• [WORK TO BE COMPLETED]
The reply should reproduce every line of the data below word for word, minus any images.
(SUPPLIED MATERIAL Opens)
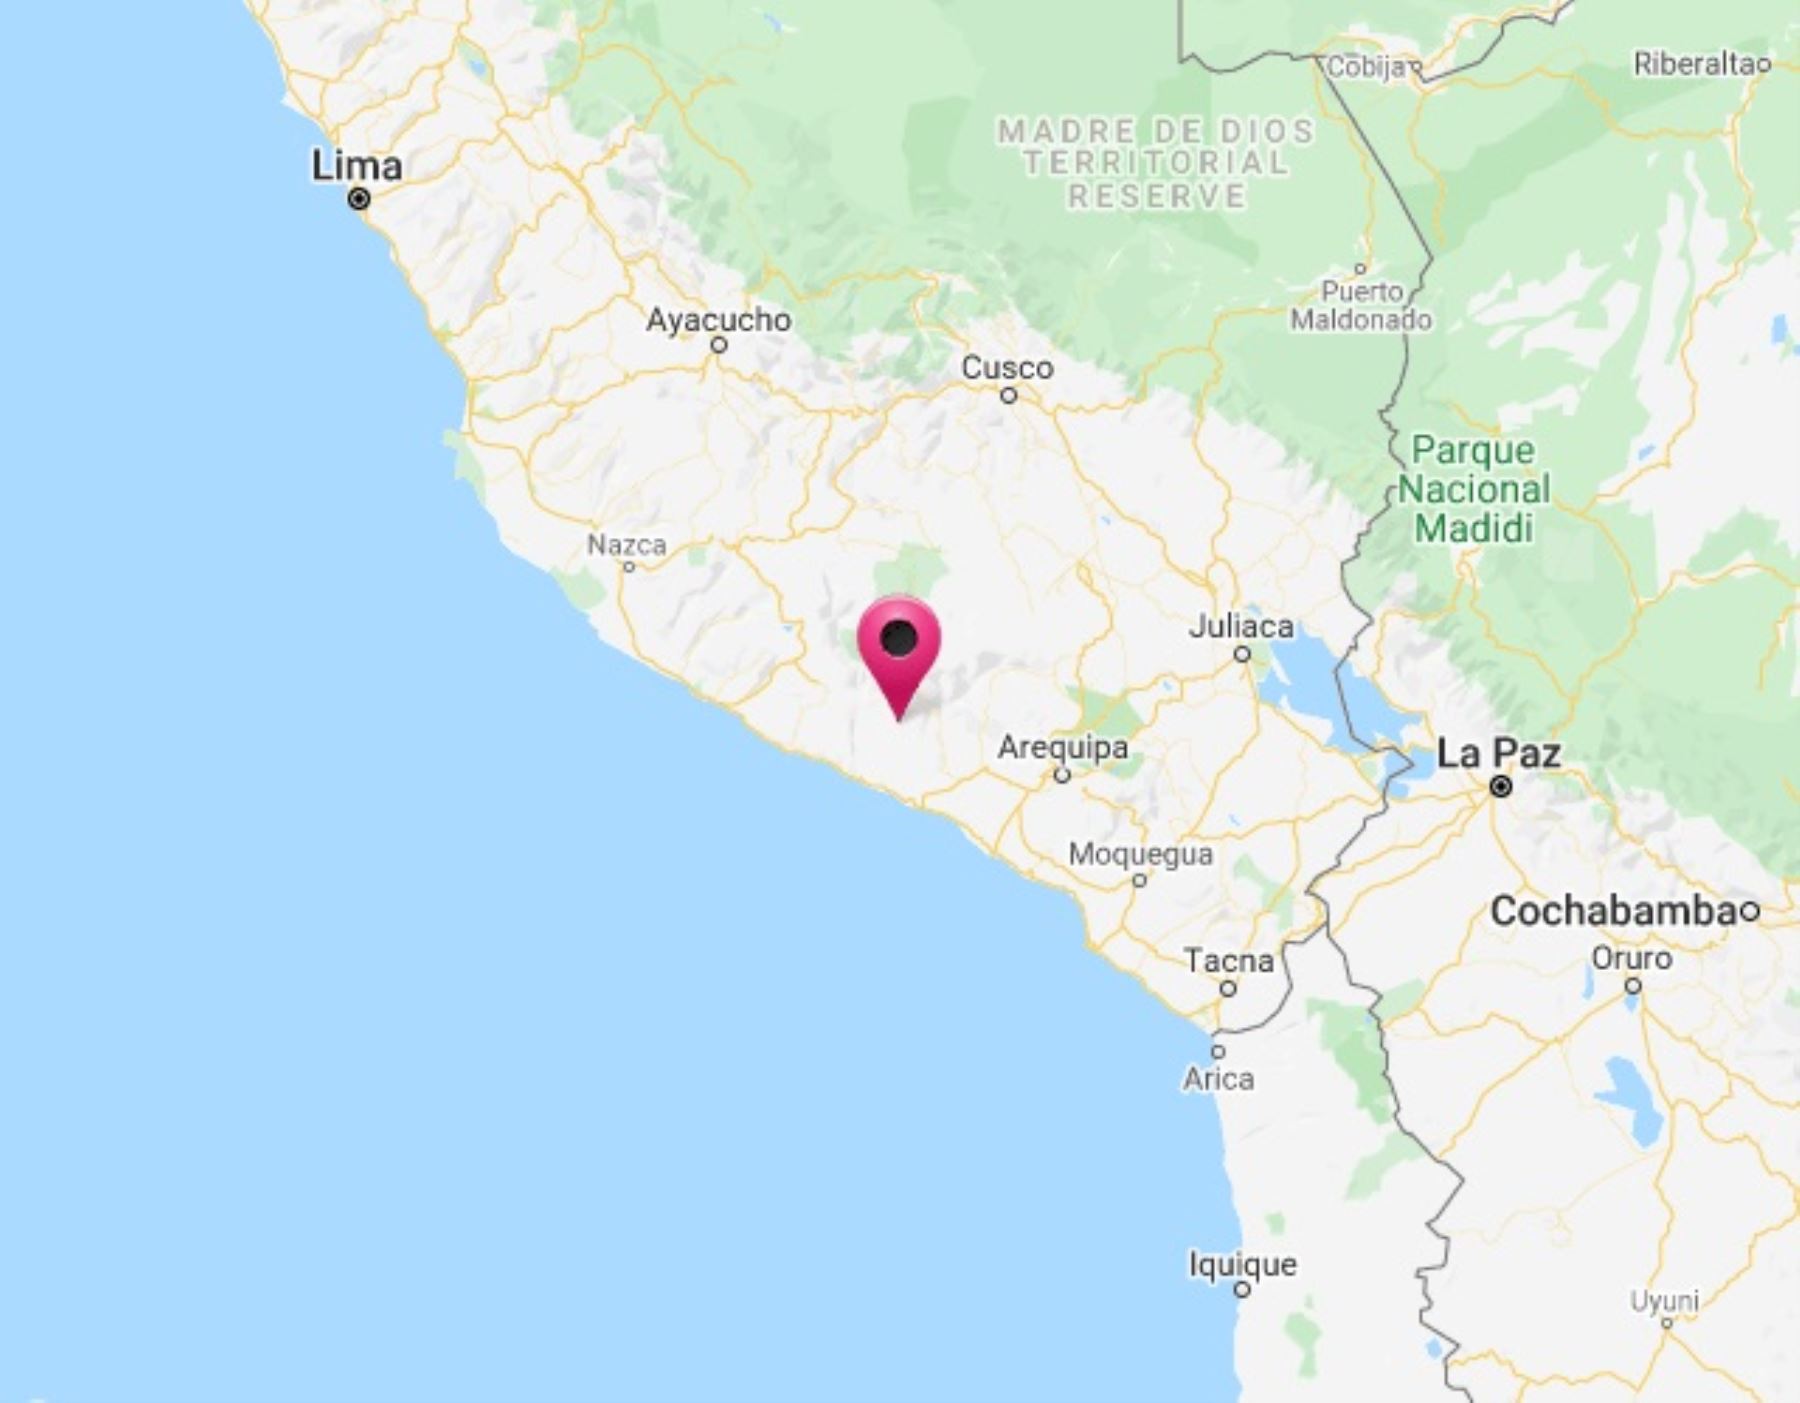 Arequipa fue remecida esta mañana por un sismo de magnitud 4.2, informó el IGP.
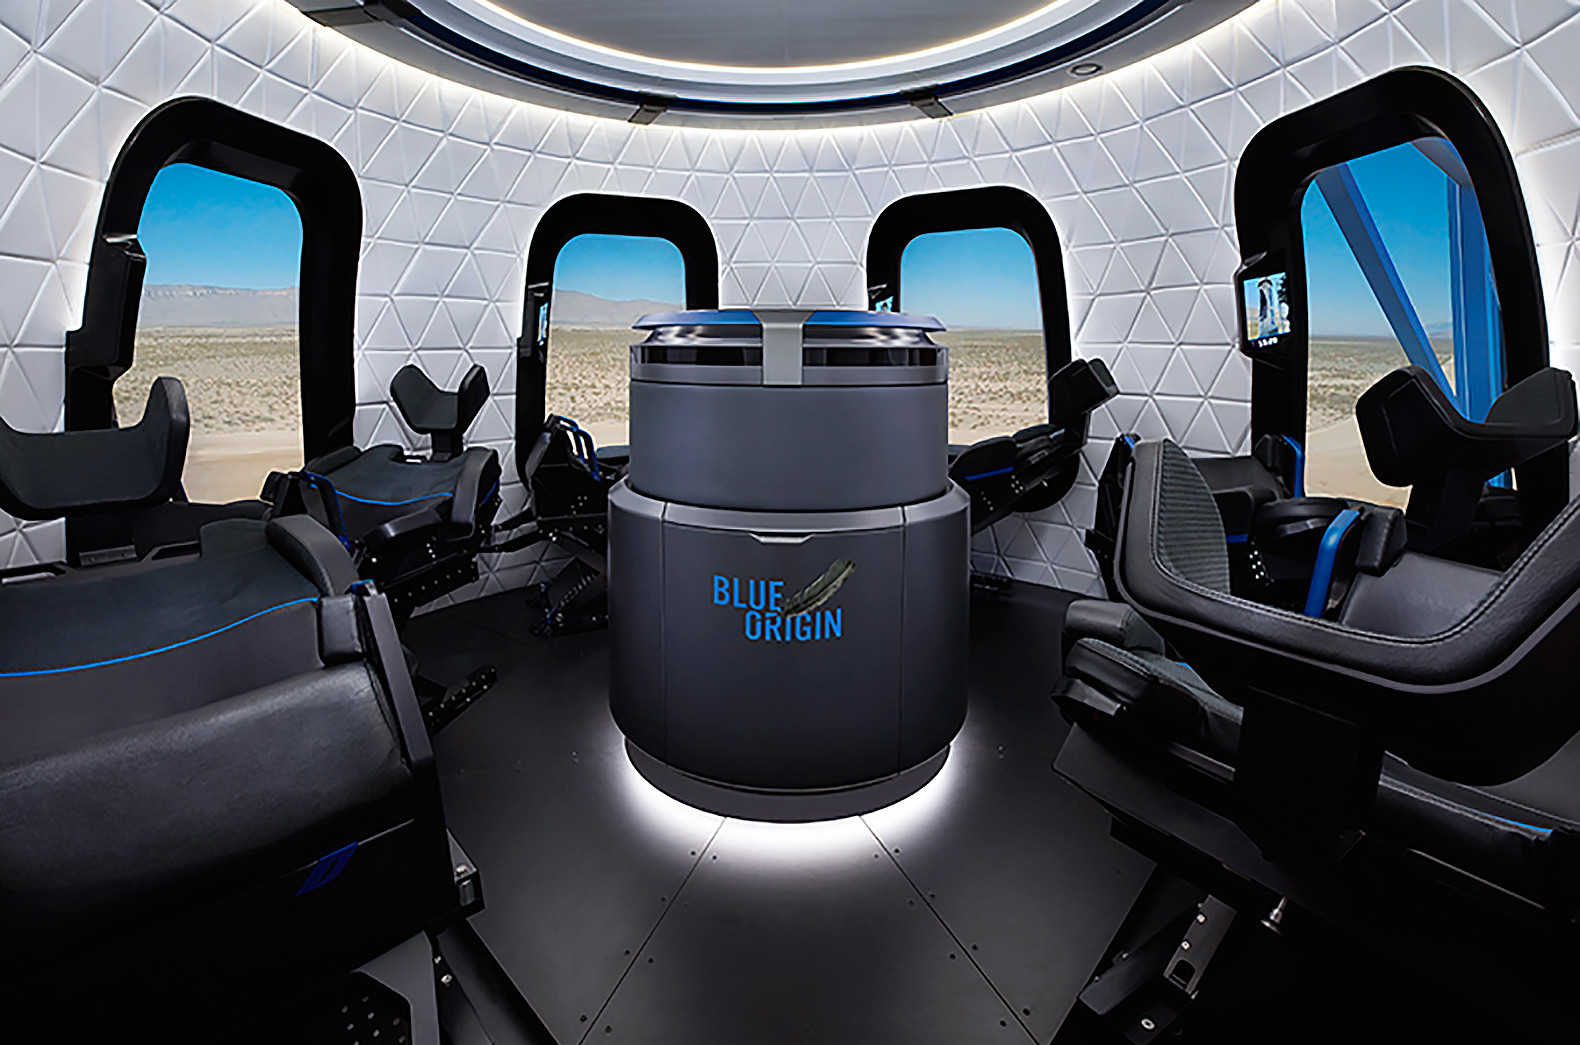 Feu vert pour Virgin Galactic, décollage prévu pour Blue Origin, la bataille surborbitale reprend
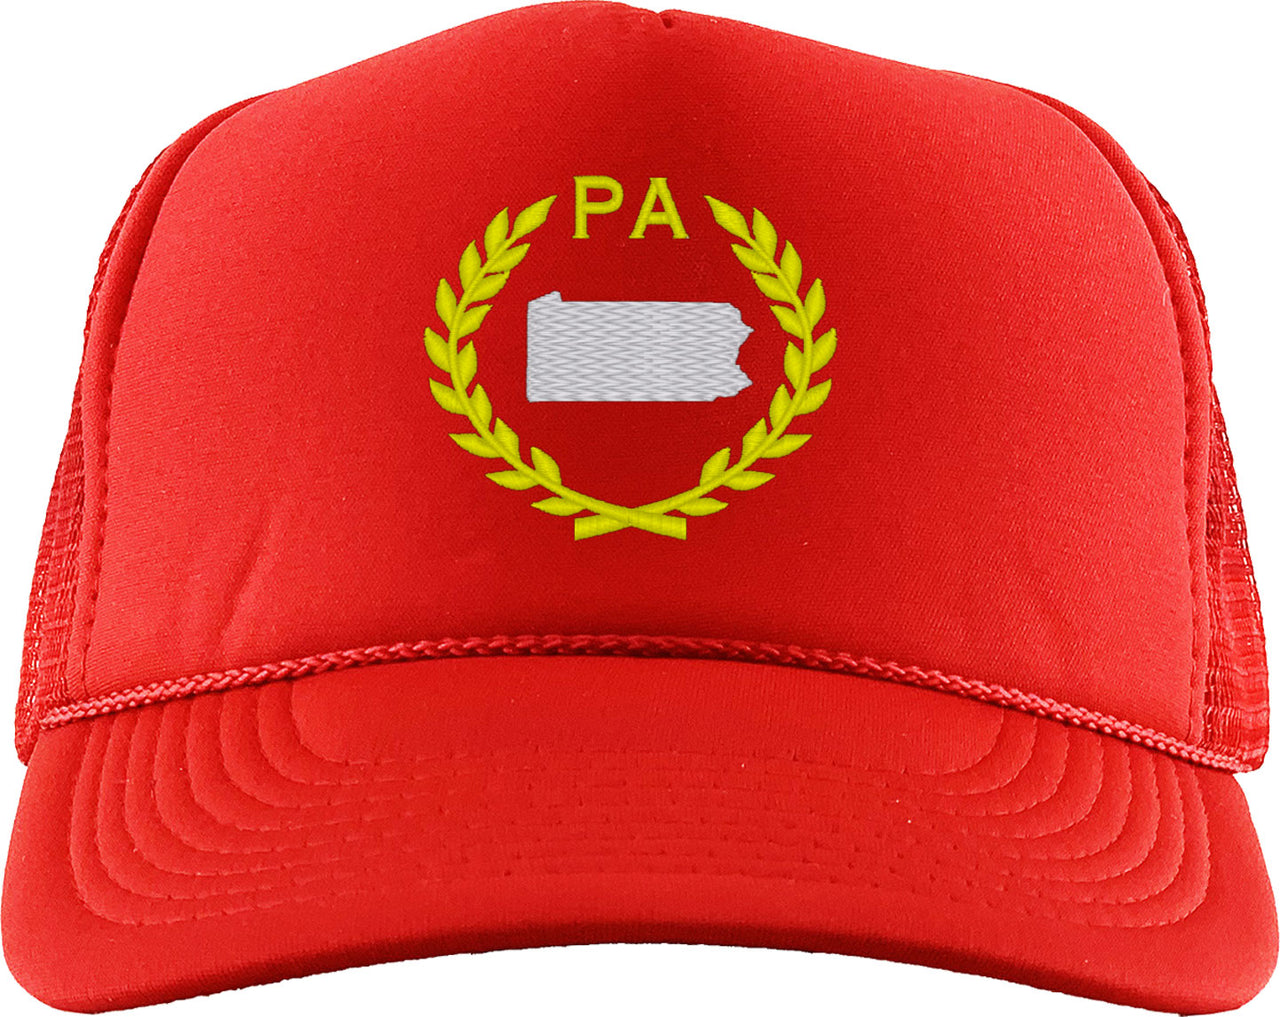 Pennsylvania State Foam Trucker Hat
(SUPPLIED MATERIAL Closes)
• [RESPONSE TO THIS TASK]
 Arequipa fue remecida esta mañana por un sismo de magnitud 4.2, informó el IGP.
 Feu vert pour Virgin Galactic, décollage prévu pour Blue Origin, la bataille surborbitale reprend
 Pennsylvania State Foam Trucker Hat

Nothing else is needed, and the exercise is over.